A camp with a capacity of 27000 soldiers was also set up in March 1916 at a place called "Le Courneau" in Gironde, between the road leading from La Teste to Cazaux and the canal connecting the pond of Cazaux and Sanguinet to the Arcachon Bay. It is estimated that 40,000 Senegalese tirailleurs and their staff stayed in the camp at some point, it could simultaneously accommodate about 18,000 men and their 300 officers and petty officers at the same time. It was also used a transit camp for tirailleurs en-route to hivernage in Northern Africa. The location of the camp next to a swamp, the insalubrious living conditions and the poor quality of the accommodation favoured the spread of epidemics. In September the construction of the camp was completed and more than two hundred deaths had already been suffered.

The Undersecretary of State for War in charge of the armed forces medical service Justin Godart was immediately informed of the situation in Courneau. Faced with this alarming mortality, he was left with two options: to evacuate the camp or to allow the experimentation of a vaccine against pneumococcal disease with the help of the Pasteur Institute. Godart chose the latter and the African soldiers became the subject of a vaccine experiment launched in haste by the Ministry of Defence and the Institute. The vaccination campaign began without any real prior laboratory experimentation and proved to be ineffective. The cold winter of 1916–1917 resulted in the death of more than 900 soldiers, mostly Senegalese tirailleurs.

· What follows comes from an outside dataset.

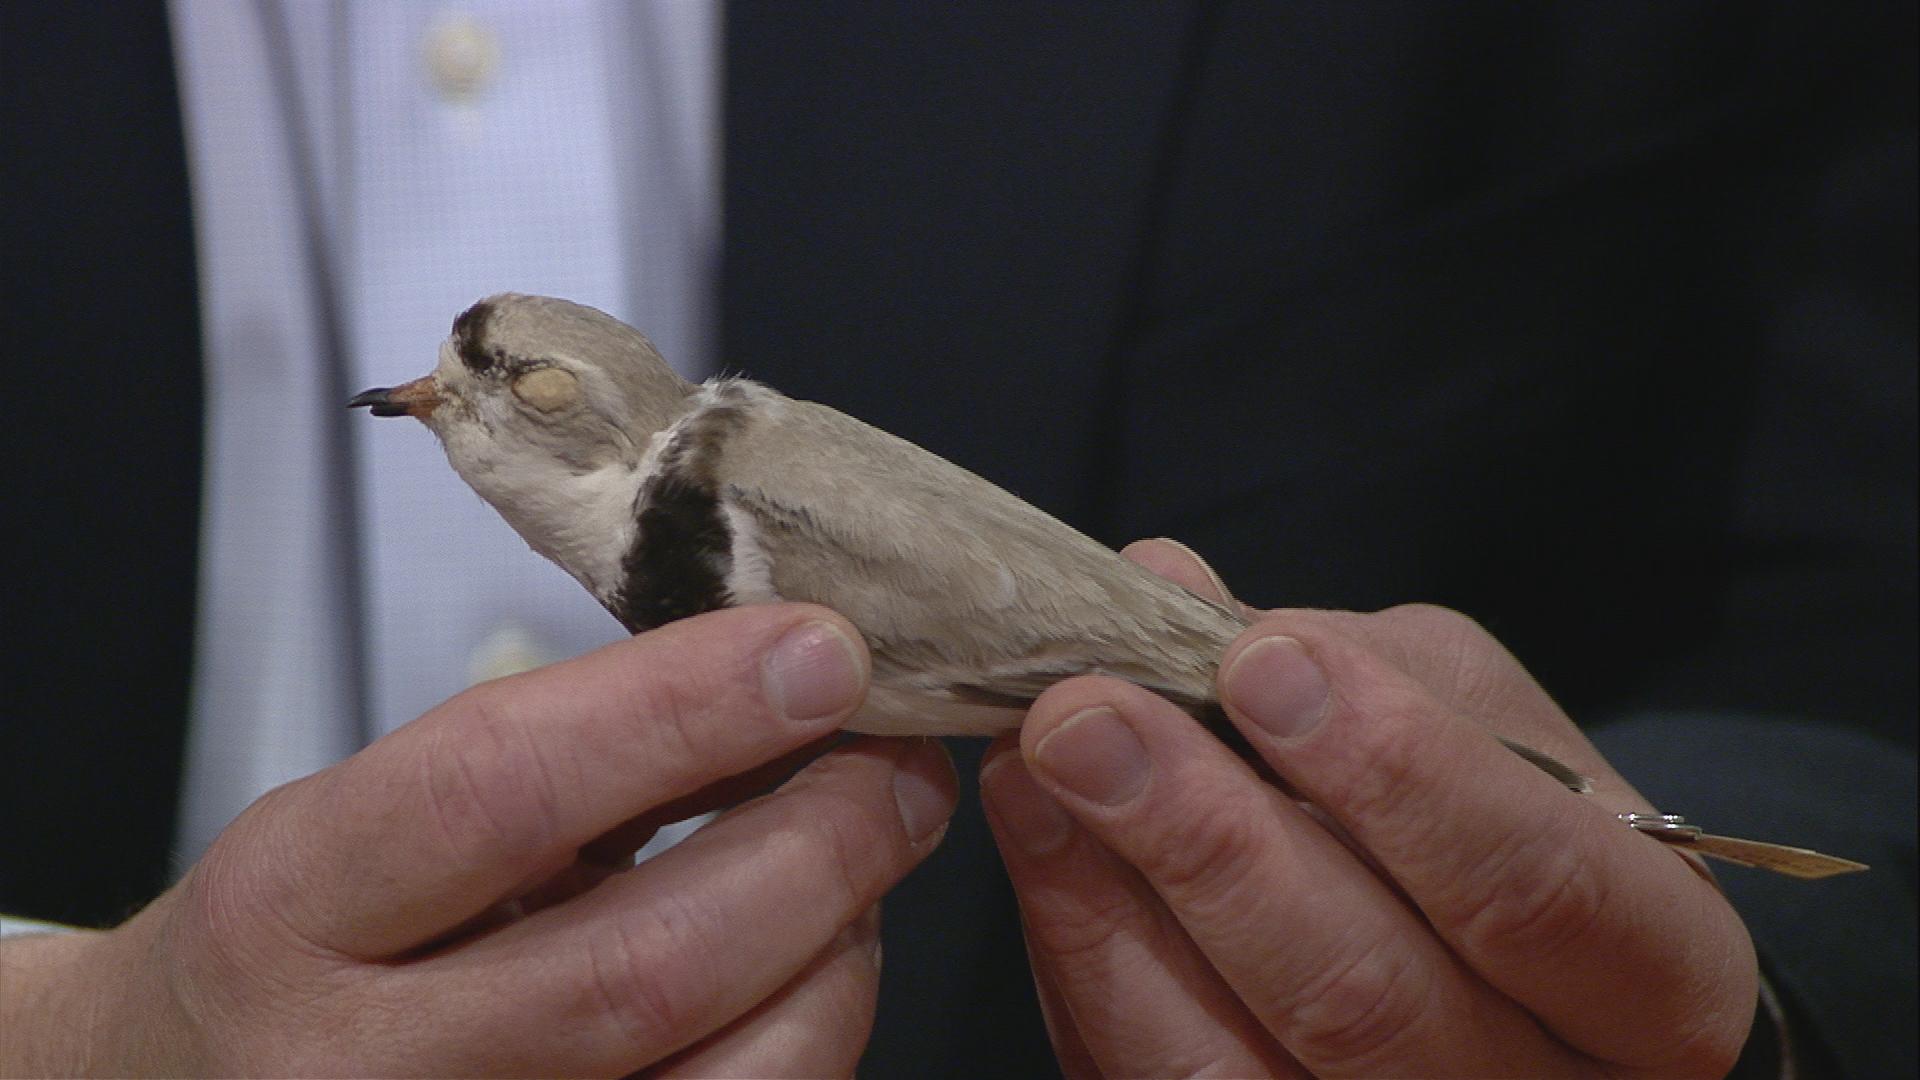 Marra shows a piping plover specimen during the interview. “It's a species that's also commonly under threat because of outdoor cats,” he said.

Few raised their voices at the time to denounce the conditions but Diagne, in his speech in front of the French Chamber of Deputies in December 1916, denounced the living conditions of the tirailleurs and requested an improvement. The Senate opposed any improvement work on cost grounds and instead asked for the withdrawal of the troops to the camps of the Var or those of Oran in July 1917. Between the end of April 1916 and December 1917, more than 1,200 tirailleurs died as a result of pneumonia.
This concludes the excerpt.